The new appeal of disarmament is driven by threats that in some ways make the nuclear equation more ominous and volatile than during the cold war, even though there are far fewer weapons now. As Mr.Obama said in April before a huge crowd in Prague: “In a strange turn of history, the threat of global nuclear war has gone down, but the risk of a nuclear attack has gone up.”
Nuclear conflict between the United States and the Soviet Union was a prospect so harrowing that leaders of both countries recognized it was untenable, even as their generals planned for Armageddon.

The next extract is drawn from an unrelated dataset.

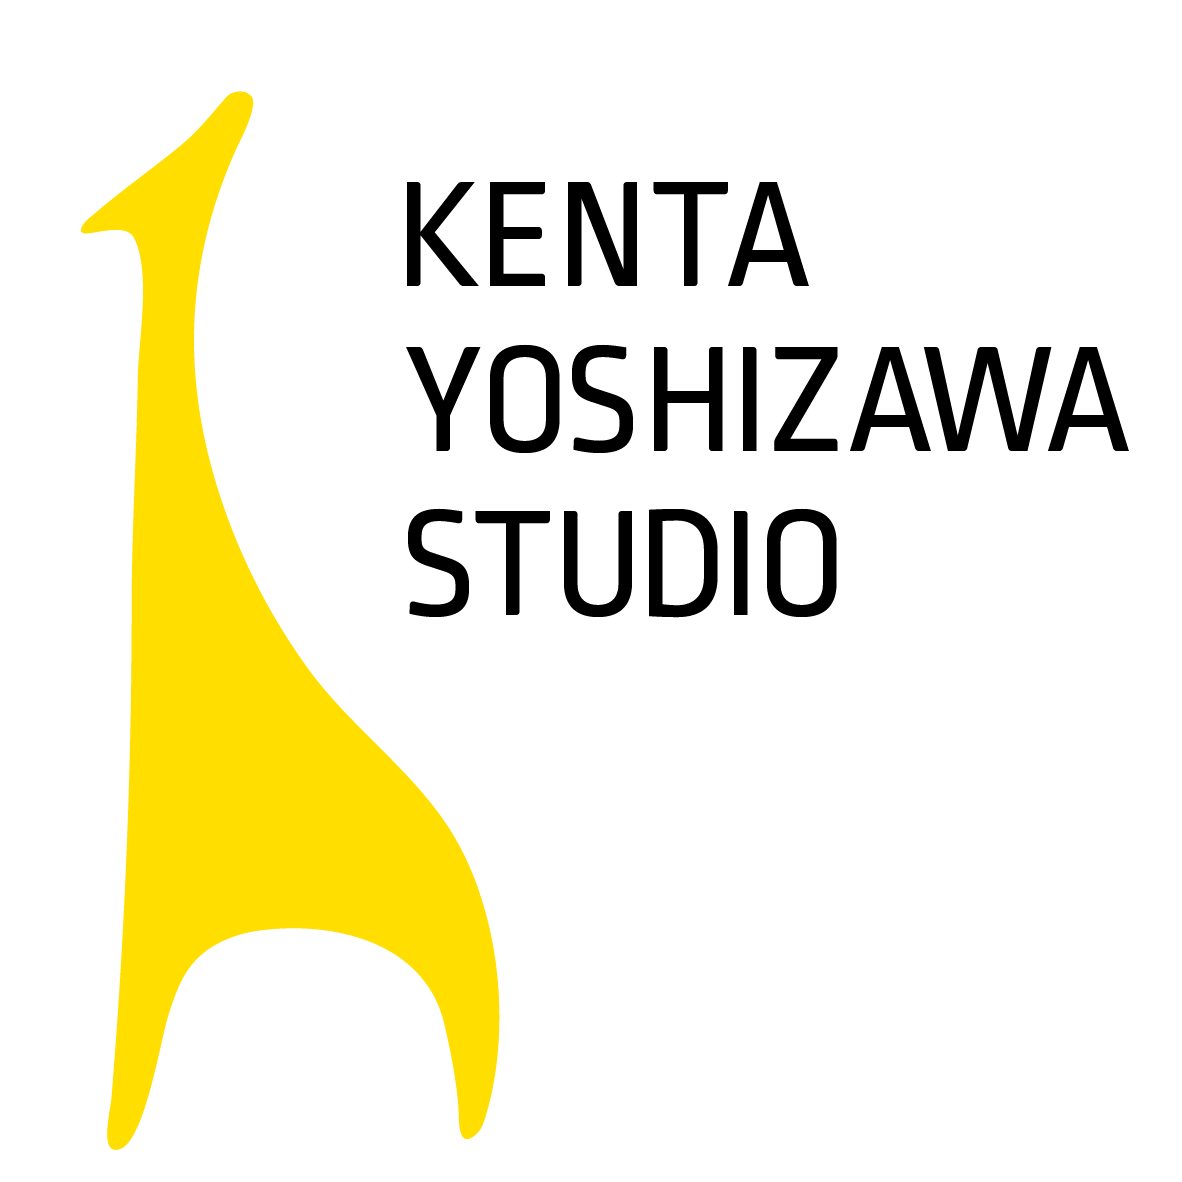 KENTA YOSHIZAWA STUDIO

They possessed some 70,000 nuclear warheads between them in the 1980s, but the weapons were under firm control and neither side dared risk the retaliation that a first strike would draw.
The dynamic today is much less stable, and more difficult for the United States to manage. As the number of nuclear-armed nations rises, the security of weapons and technology diminishes. Terrorists would have no compunction about using a nuclear weapon, and their target could not easily retaliate against an elusive, stateless group.
Faced with these dangers, Mr.Obama is banding with fellow leaders like President Dmitri A.Medvedev of Russia and Gordon Brown, the British prime minister, to push for steps to reduce nuclear threats in the near term, while preparing the ground for their eventual elimination.
The Obama administration and other advocates want the United States Senate to ratify the 1996 Comprehensive Test Ban Treaty; would strengthen the 1968 Nuclear Non- Proliferation Treaty; and would seek an accord to verifiably ban the production of fissile materials intended for use in weapons. It is an audacious agenda, but as alarm over nuclear threats rises, the chances of success seem to be growing.
How far can nuclear arms levels be reduced, short of abolition, while still providing deterrence- The United States and Russia announced last week in Moscow that they had agreed to cut the number of operational strategic warheads on each side by at least one-quarter, to between 1,500 and 1,675, from the present 2,200. Those numbers are generally deemed ample for deterrence. But the limit might have to go to 500 or fewer before nuclear weapons states with smaller arsenals, including China, would start cutting.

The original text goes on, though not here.